Толчок в плечо вывел ее из забытья.
– …госпожа! - донесся до нее глухой старческий голос. - Госпожа! Прошу тебя…
– Убирайся, - девушка с трудом разлепила потрескавшиеся губы. - У меня нет денег.
Фигура скрюченного временем раба с большим кувшином на плече маячила словно в тумане. Элиза никак не могла разобрать, чье тавро виднелось у него на щеке. Да какая разница?
– Госпожа! - голос старика прерывался. - Я очень прошу тебя! Мне не донести кувшин, хозяйка прикажет повесить меня на воротах!… Умоляю!
Девушка лишь мотнула головой.
– Уходи, - равнодушно сказала она, вновь погружаясь в спасительное полузабытье. Лучше бы уж кто-нибудь из Шакалов нашел ее, что ли. Наверное, они уже насытились кровью, так что мучить не станут. Просто убьют…
– Вот! - трясущейся рукой старик что-то доставал из-за пазухи. Вонючий халтон, казалось, сейчас разлезется на нитки. - Вот! У меня есть полударий!

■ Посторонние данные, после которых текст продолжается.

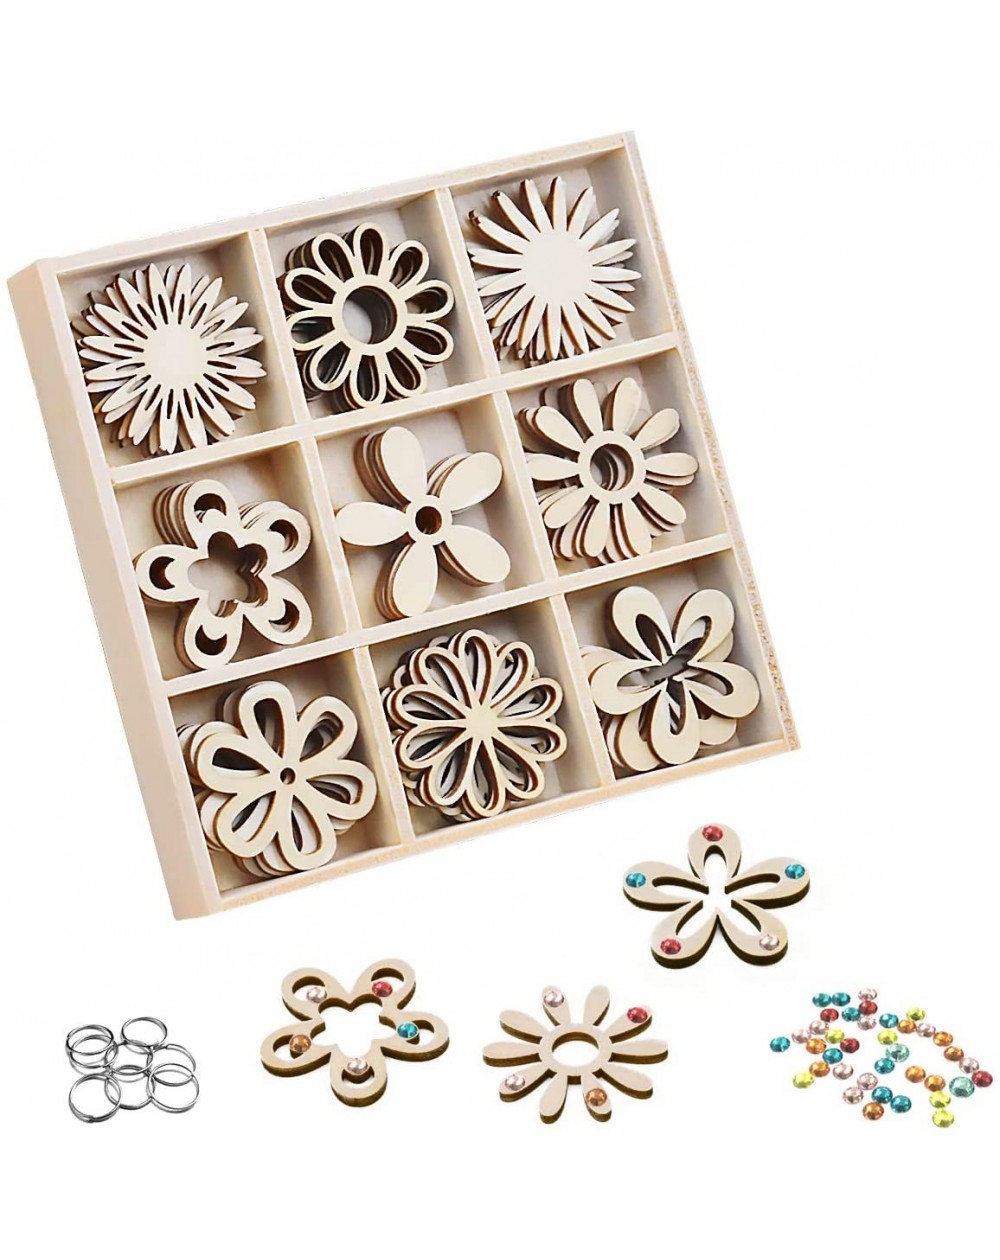 Ornaments Embellishments for Scrapbooking- Flower Theme Wooden Crafts Sets for Kids Blanks Embellishments Sets Laser Cuts Woo...

Помоги - и он твой…
Элиза равнодушно взглянула на блестящую монетку. Что-то не так. Слишком новая, слишком блестящая… Мысль пропала, вытесненная другой: деньги! На полударий можно купить большую пресную лепешку и полкувшина воды. Значит, она доживет до завтра, а там, наверное, заживут покалеченные пальцы, и она снова сможет воровать. Или хотя бы попытается. Попавшихся воров бросают в тюрьму и, говорят, кормят перед казнью. Это еще день…

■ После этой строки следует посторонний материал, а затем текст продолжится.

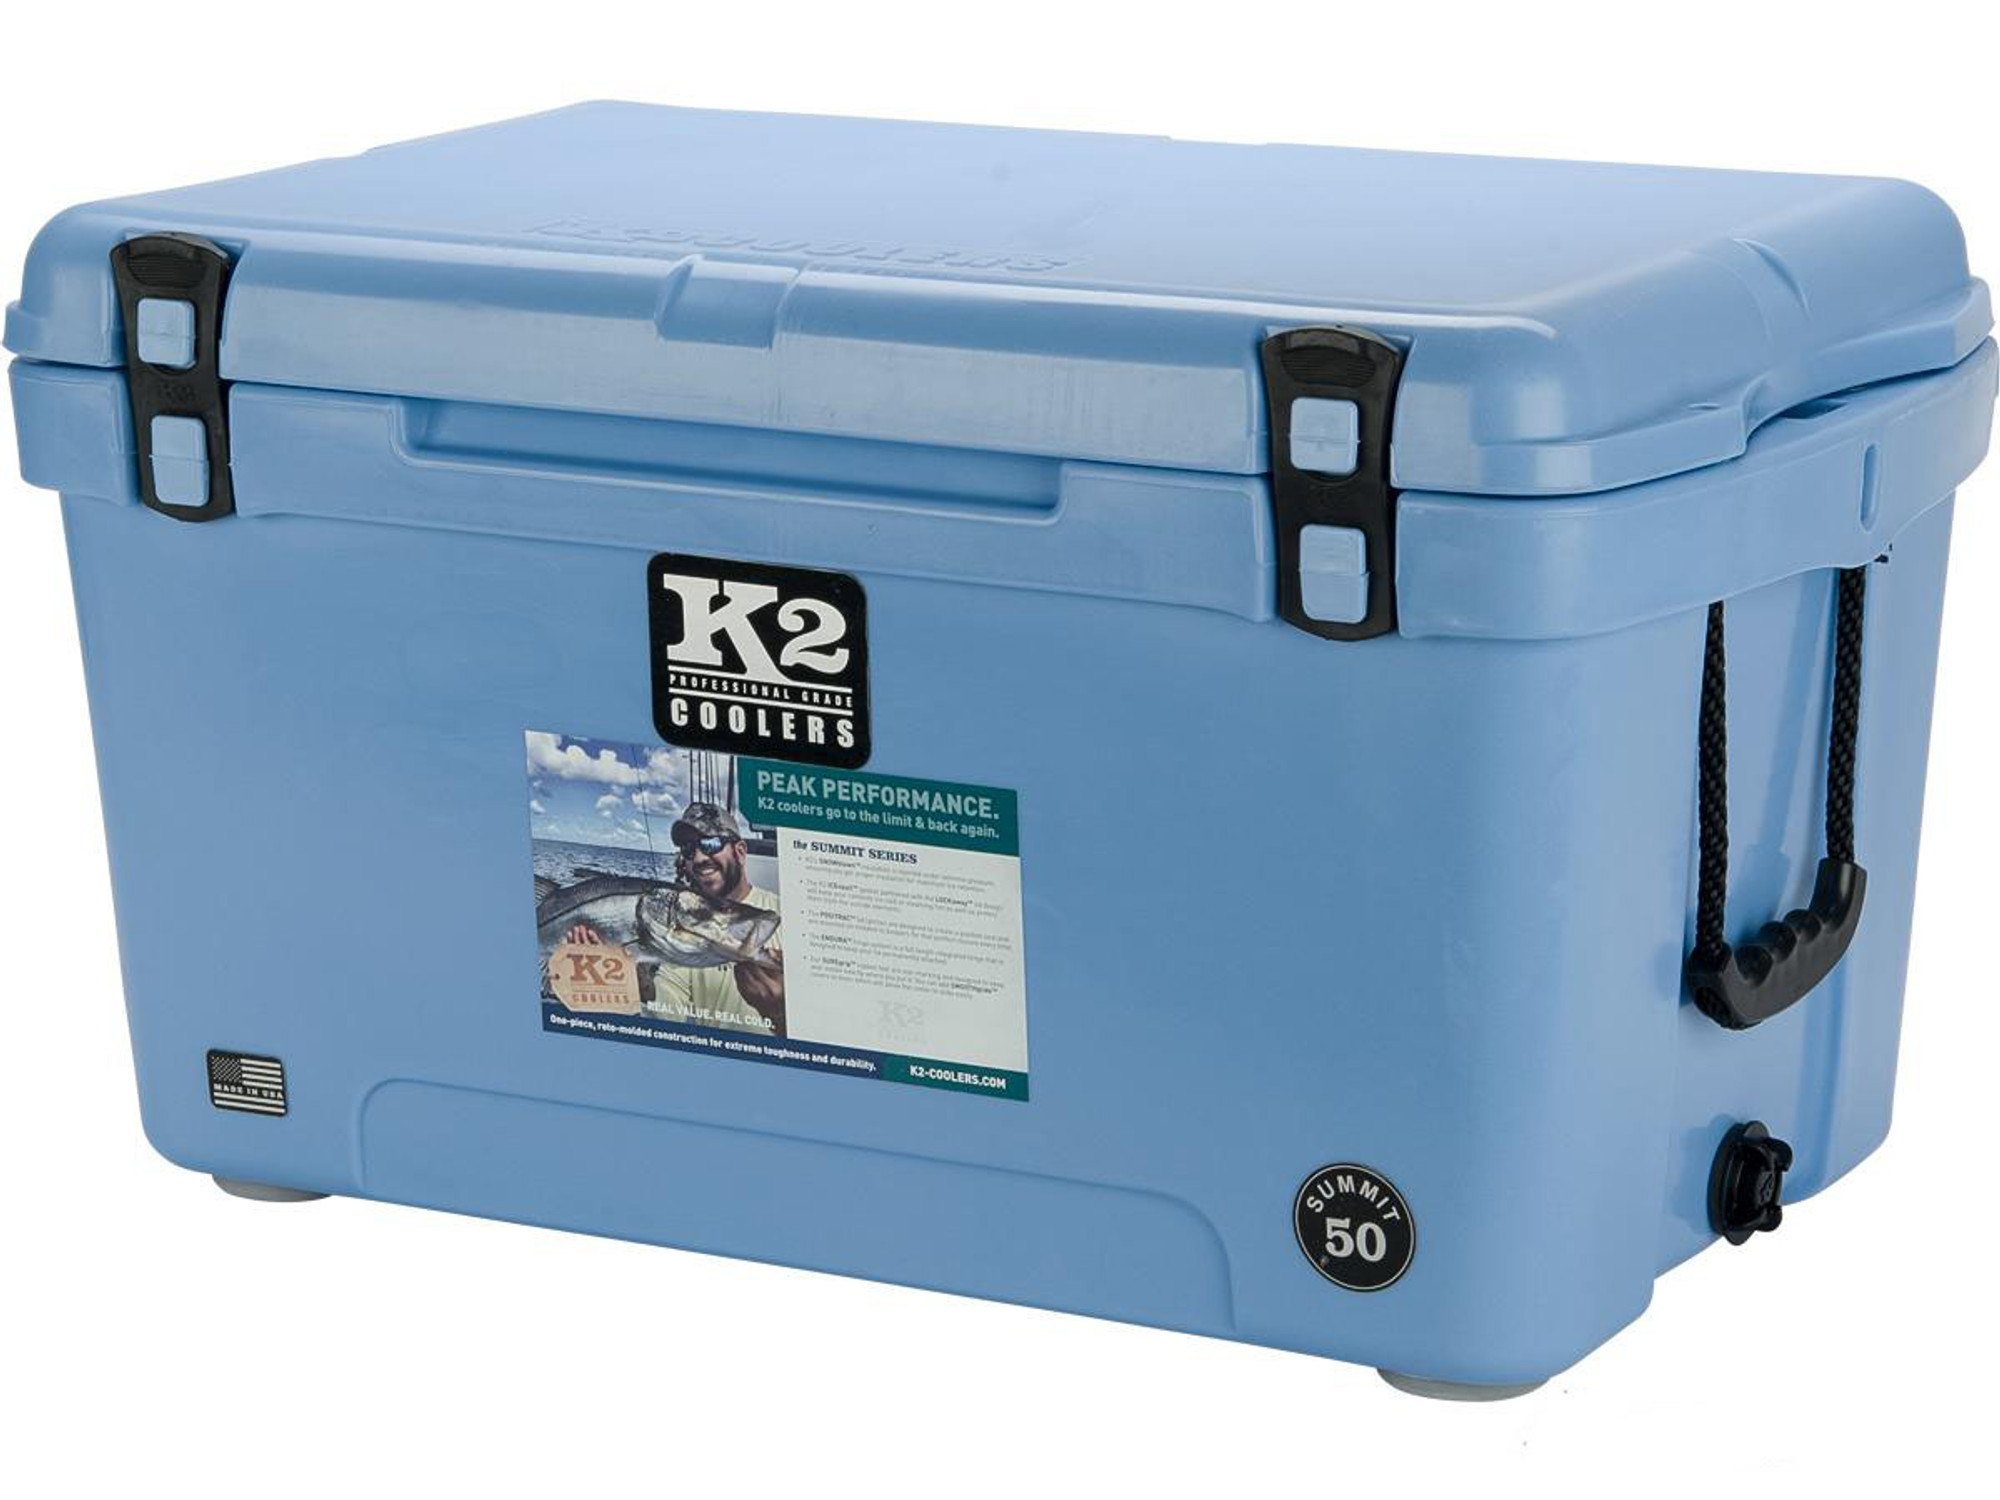 K2 Coolers Summit 50 Ice Chest (Color: Cool Blue)

Она со стоном попыталась встать на ноги. Затекшие колени не слушались. Старик, поставив кувшин на пыльную землю, попытался помочь ей. Элиза оттолкнула его - раб покачнулся, едва устояв на ногах, - и медленно выпрямилась. Кровь хлынула в икры и ступни, и девушка едва не вскрикнула от колючей боли в онемевших подошвах. Ничего, пройдет. Пройдет. Бывало и хуже.
Она потянулась за монетой, но раб неожиданно ловко спрятал полударий обратно за пазуху.
– Госпожа, - торопливо-виновато забормотал он, - госпожа, госпожа, пусть не сердится госпожа!… Я старый, а вокруг все хотят обмануть… Госпожа, помоги дойти, а там я отдам денежку, честно-честно отдам, клянусь гневом Валарама!…
Элиза оперлась на тын, ожидая, пока пройдет головокружение. Злости она не чувствовала - старик явно жил в городе не первый день. Граш не прощал доверчивости. Ладно, пусть. Она поможет. Но упаси его Назина не расплатиться на месте! У нее еще осталось достаточно сил, чтобы перегрызть ему глотку и напиться теплой крови.